Ben Huntington
About Ben Huntington
Ben Huntington is an AI/Simulation Developer at Emerson Automation Solutions in Houston, Texas, with a background in data science and computational physics.
Current Role at Emerson Automation Solutions
Ben Huntington currently serves as an AI/Simulation Developer at Emerson Automation Solutions in Houston, Texas. In this role, he utilizes his extensive background in computational fluid mechanics and data science to develop advanced simulation tools. His work includes integrating AI algorithms into existing systems to enhance predictive capabilities and streamline operational processes.
Previous Experience at AIM2
Ben Huntington worked as a Data Scientist at AIM2 from 2019 to 2020 for a period of 10 months in the Austin, Texas Area. During this time, he was involved in developing data-driven solutions to optimize business processes. His role included the analysis and interpretation of complex datasets to provide actionable insights for decision-making.
Education and Computational Fluid Mechanics Expertise
Ben Huntington holds a Doctor of Philosophy (PhD) in Computational Fluid Mechanics from The University of Texas at Austin, earned over six years from 2011 to 2017. His doctoral studies focused on advancing theoretical and computational methods in fluid mechanics.
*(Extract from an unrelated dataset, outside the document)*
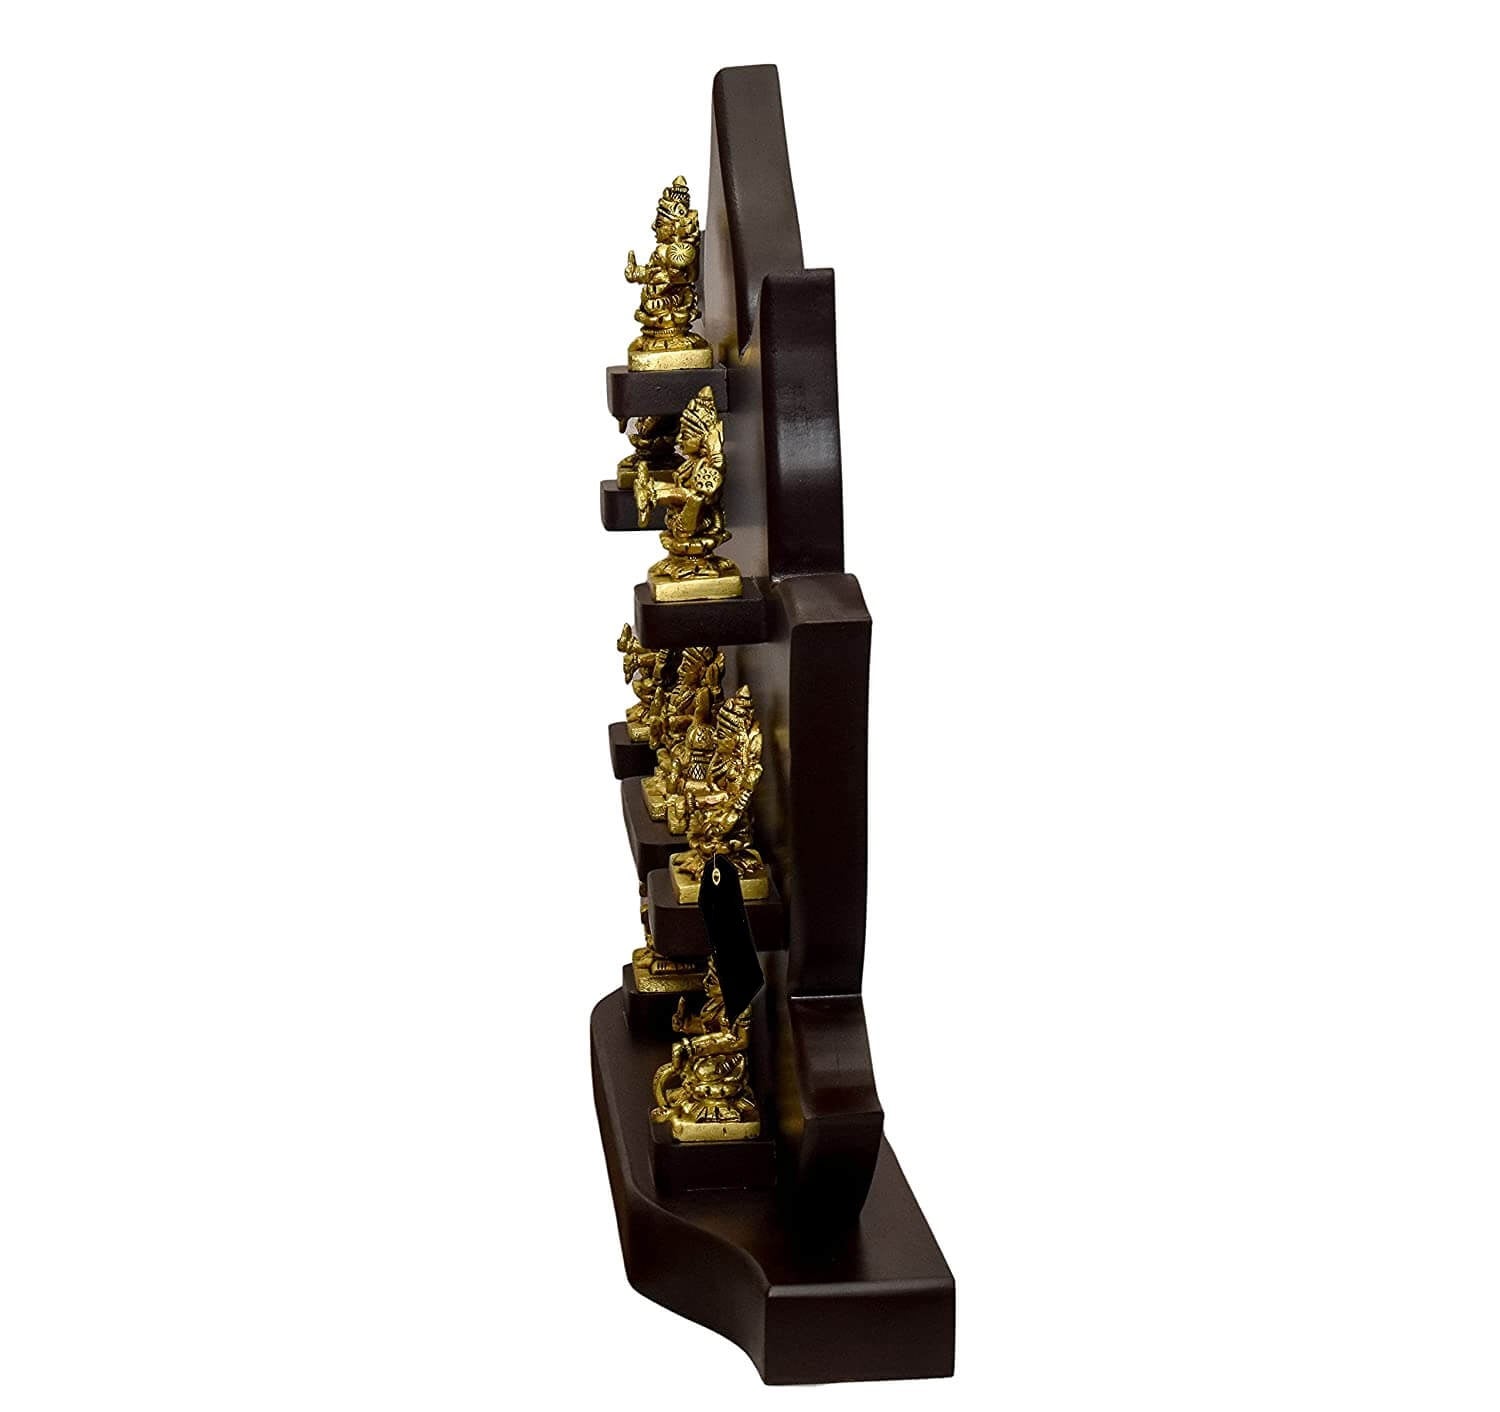 Goddess Ashtalakshmi Set with Wooden Table Frame for Pooja Mandir Temple Decor - (Height: Idol: 2 Inches; Frame: 13.75 x 14 x 3 Inches) Mangal Fashions | Indian Home Decor and Craft

Additionally, he earned a Bachelor of Science (BS) in Chemical Engineering from Oregon State University, which he completed in 2011. His educational background equips him with a robust foundation in chemical engineering and computational techniques.
Programming and Technical Skills
Ben Huntington is proficient in multiple programming languages, including C, C++, Fortran, Python, and MATLAB. His technical skill set also encompasses parallel computing techniques using openmp and MPI. These skills are applied in his current and past projects, allowing him to implement efficient computational solutions for complex engineering and data science problems.
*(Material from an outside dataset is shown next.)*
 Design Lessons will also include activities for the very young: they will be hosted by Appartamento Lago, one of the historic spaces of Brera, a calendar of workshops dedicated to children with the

Machine Learning and Data Science Projects
Ben Huntington has developed a range of machine learning and data science projects, which are available on GitHub. One notable project includes a machine learning-based solution for leak detection in shut-in pipelines, where he implemented a signal analysis solution to accurately determine leak locations. His proactive contributions in this field demonstrate his capability to apply theoretical knowledge to practical, real-world problems.